The 519th Military Intelligence Battalion is a unit of the United States Army.

The battalion was first created in 1948. The battalion served in the Vietnam War; the Invasion of Grenada; the Invasion of Panama; Desert Storm; the Invasion of Afghanistan; and the Invasion of Iraq. Additionally, Company A served in the Korean War prior to the formation of the battalion as the 523d Military Intelligence Company.

==History==
The 519th Military Intelligence Battalion was activated on 15 October 1948 at Fort Riley, Kansas. Elements of the battalion served in the Republic of Korea from 1951 until 1954, participating in seven campaigns and earning one Meritorious Unit Commendation and two Republic of Korea Presidential Unit Citations. The battalion was inactivated in 1954. On 25 January 1958, the 519th Military Intelligence (MI) Battalion (BN) (Airborne (ABN)) was reactivated at Fort Bragg, North Carolina. In May 1965, the 519th MI BN (ABN) deployed to the Dominican Republic for Operation Powerpack, where it supported the 82nd Airborne Division and the U.S. Marines in combating the Communist insurgency on the Caribbean island. In late summer of 1965 the 519th MI BN redeployed back to FT Bragg, NC and deployed to the Republic of Vietnam in November 1965. During the Vietnam War, the battalion again left the United States and distinguished itself by participating in sixteen campaigns and earning three Meritorious Unit Commendations.

In 1972, the battalion returned to Fort Bragg. After several reorganizations, the battalion officially achieved a three-company configuration in September 1978, with Headquarters, Headquarters & Service Company; Company A (Interrogation); and Company B (Counterintelligence). In April 1981, the Forces Command Intelligence Training Detachment (FITD) was attached to the battalion, bringing with it the mission of training Army Reserve and National Guard units throughout the United States. On 16 April 1982, the battalion was reorganized and redesignated the 519th Military Intelligence Battalion (Tactical Exploitation) (Airborne), resulting in the activation of Company C (Electronic Warfare).
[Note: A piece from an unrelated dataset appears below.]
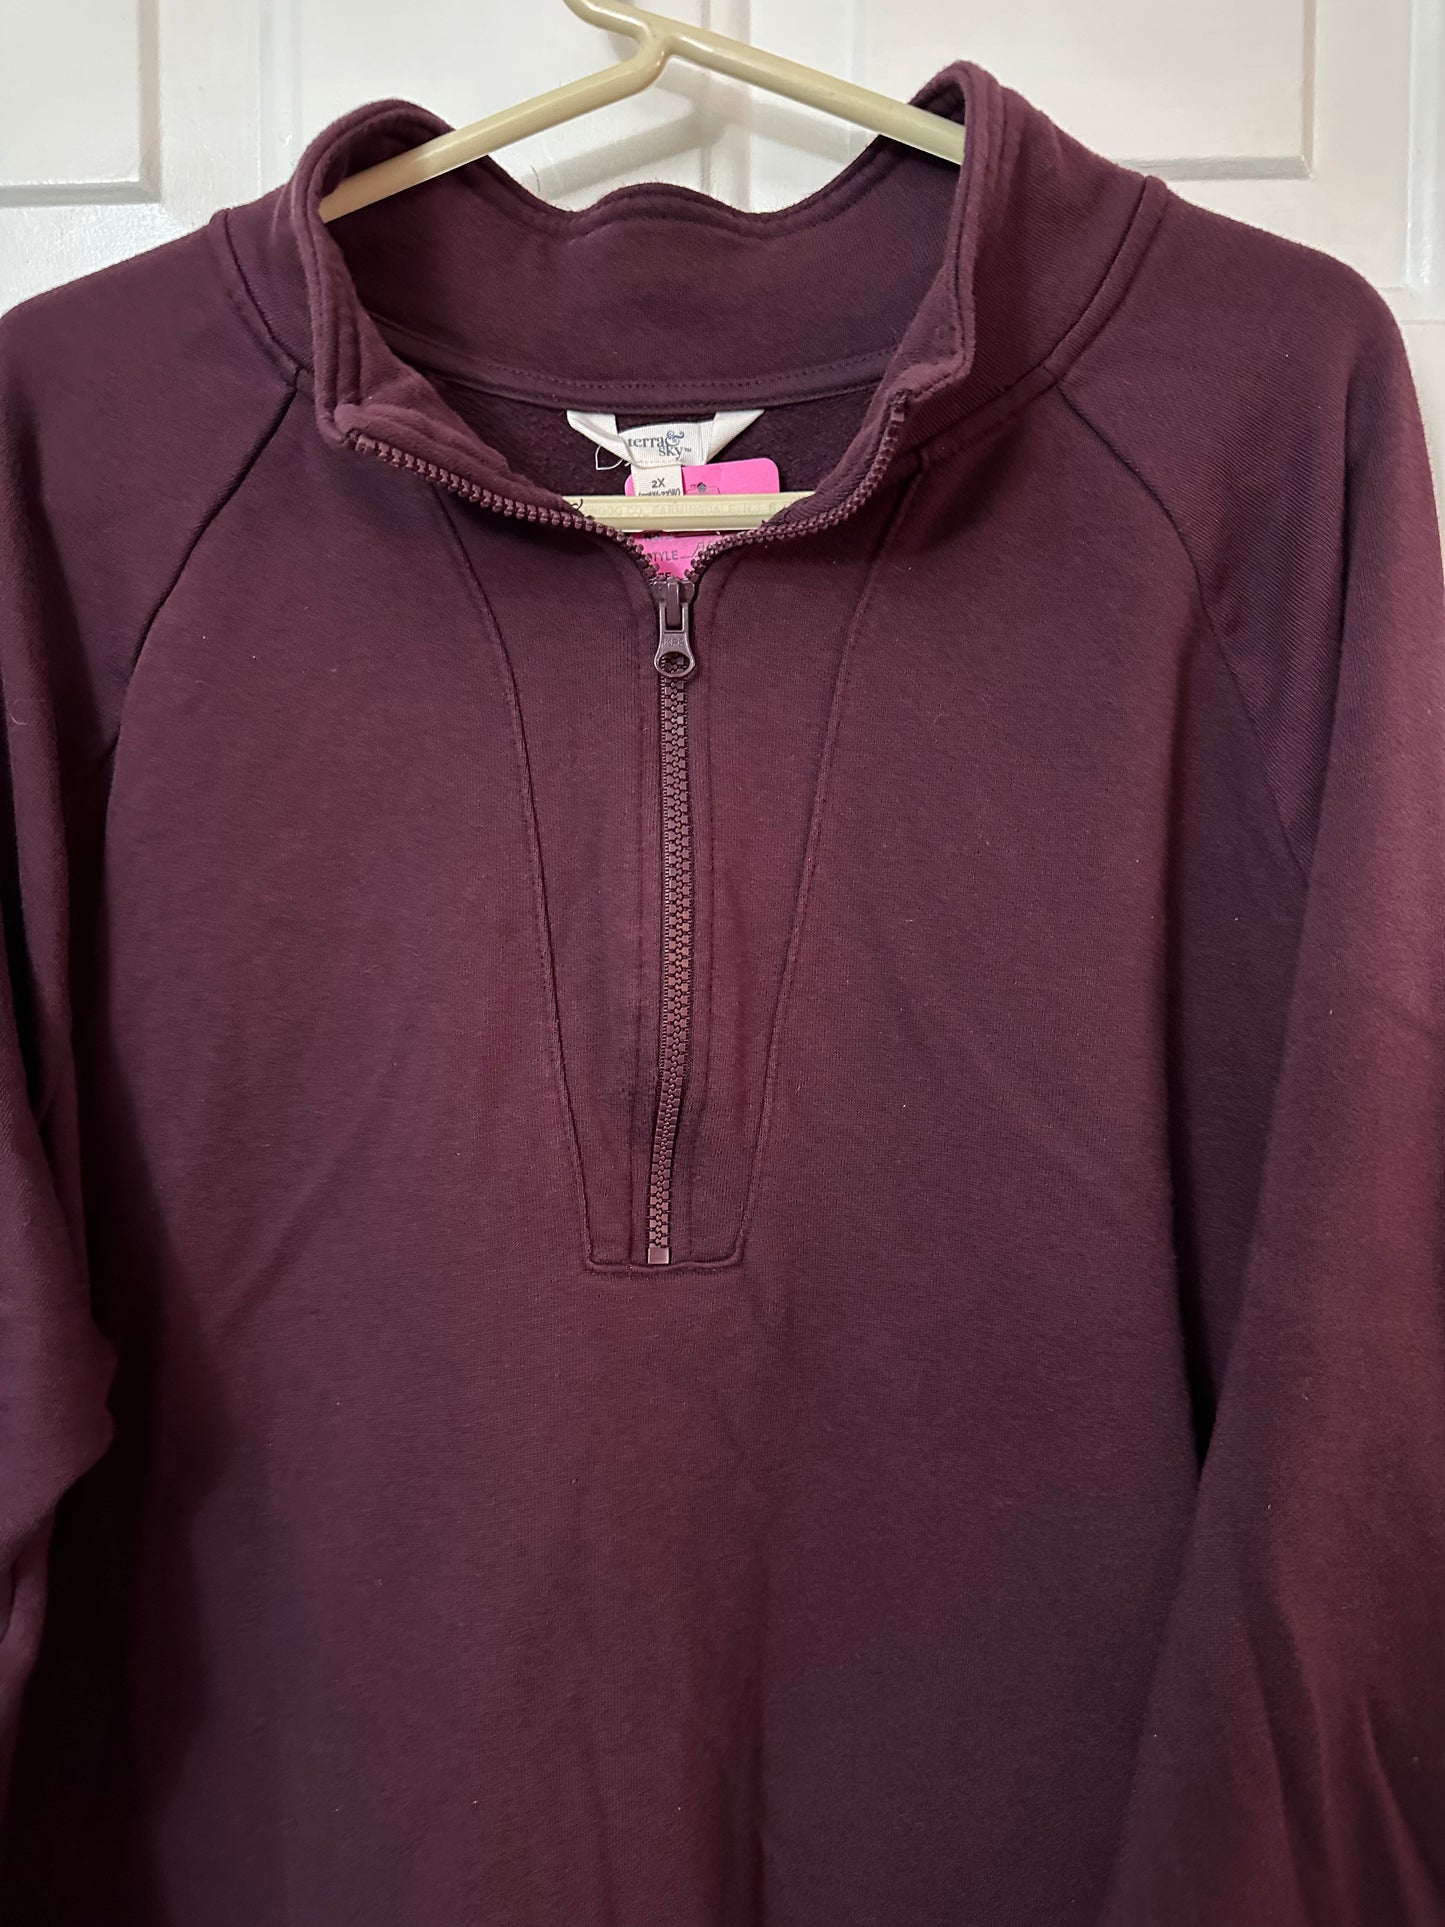 Terra & Sky plus size 2x. Purple 1/4 zip pullover. Preowned in good condition.

Since then the battalion has reorganized one more time. In 1995, Company C was deactivated and Company F, 51st Infantry (Long Range Surveillance) was assigned to the battalion to provide the Corps with long range surveillance capability. About 2007, during the reconfiguration of the 525th MI Brigade to a Battlefield Surveillance Brigade (BFSB), Company F, 51st Infantry was redesignated C Troop (ABN), 1st Squadron, 38th Cavalry Regiment (1-38th CAV) and was removed from the control of the 519th MI BN and reassigned to 1-38th CAV, which is another subordinate battalion in the 525th BFSB. Subsequently, C Co. 519th MI BN was reactivated as a line company in the 519th MI BN.

The battalion participated in combat operations in Grenada (Operation Urgent Fury) in November 1983, Panama (Operation Just Cause) in December 1989, and in the Kuwaiti Theater of Operations (KTO) (Operation Desert Shield and Operation Desert Storm) and was subordinate to the 525th MI Brigade (CEWI) (ABN), as part of the XVIII Airborne Corps, under Third US Army during the deployment in the KTO from August 1990 to March 1991.

During the 1990s, the 519th MI BN participated in Peace Keeping Operations in Haiti (Operation Restore Democracy), Bosnia (Operations Joint Endeavor and Joint Forge) and Kosovo (Operation Joint Guardian). The 519th MI BN also deployed individual Tactical Human Intelligence Teams to Somalia in support of Operation Restore Hope.

The 519th Military Intelligence Battalion is a subordinate unit of the 	525th Expeditionary Military Intelligence Brigade, provides tactical HUMINT, long range reconnaissance and surveillance, counterintelligence, interrogation, multi-functional collection and exploitation, and SIGINT support within assigned areas of the Division, Corps, Joint Task Force (JTF) or Multi-National Force area of operations.

During the global war on terrorism, 519th MI BN has repeatedly deployed for combat operations in both Afghanistan and Iraq. The 519th MI BN served in Operation Enduring Freedom (OEF) I, OEF III, OEF IV, Operation Iraqi Freedom (OIF) I, OIF IV, and OEF XII and has continued to distinguish itself as one of the elite intelligence battalions in the military. "Always Out Front"!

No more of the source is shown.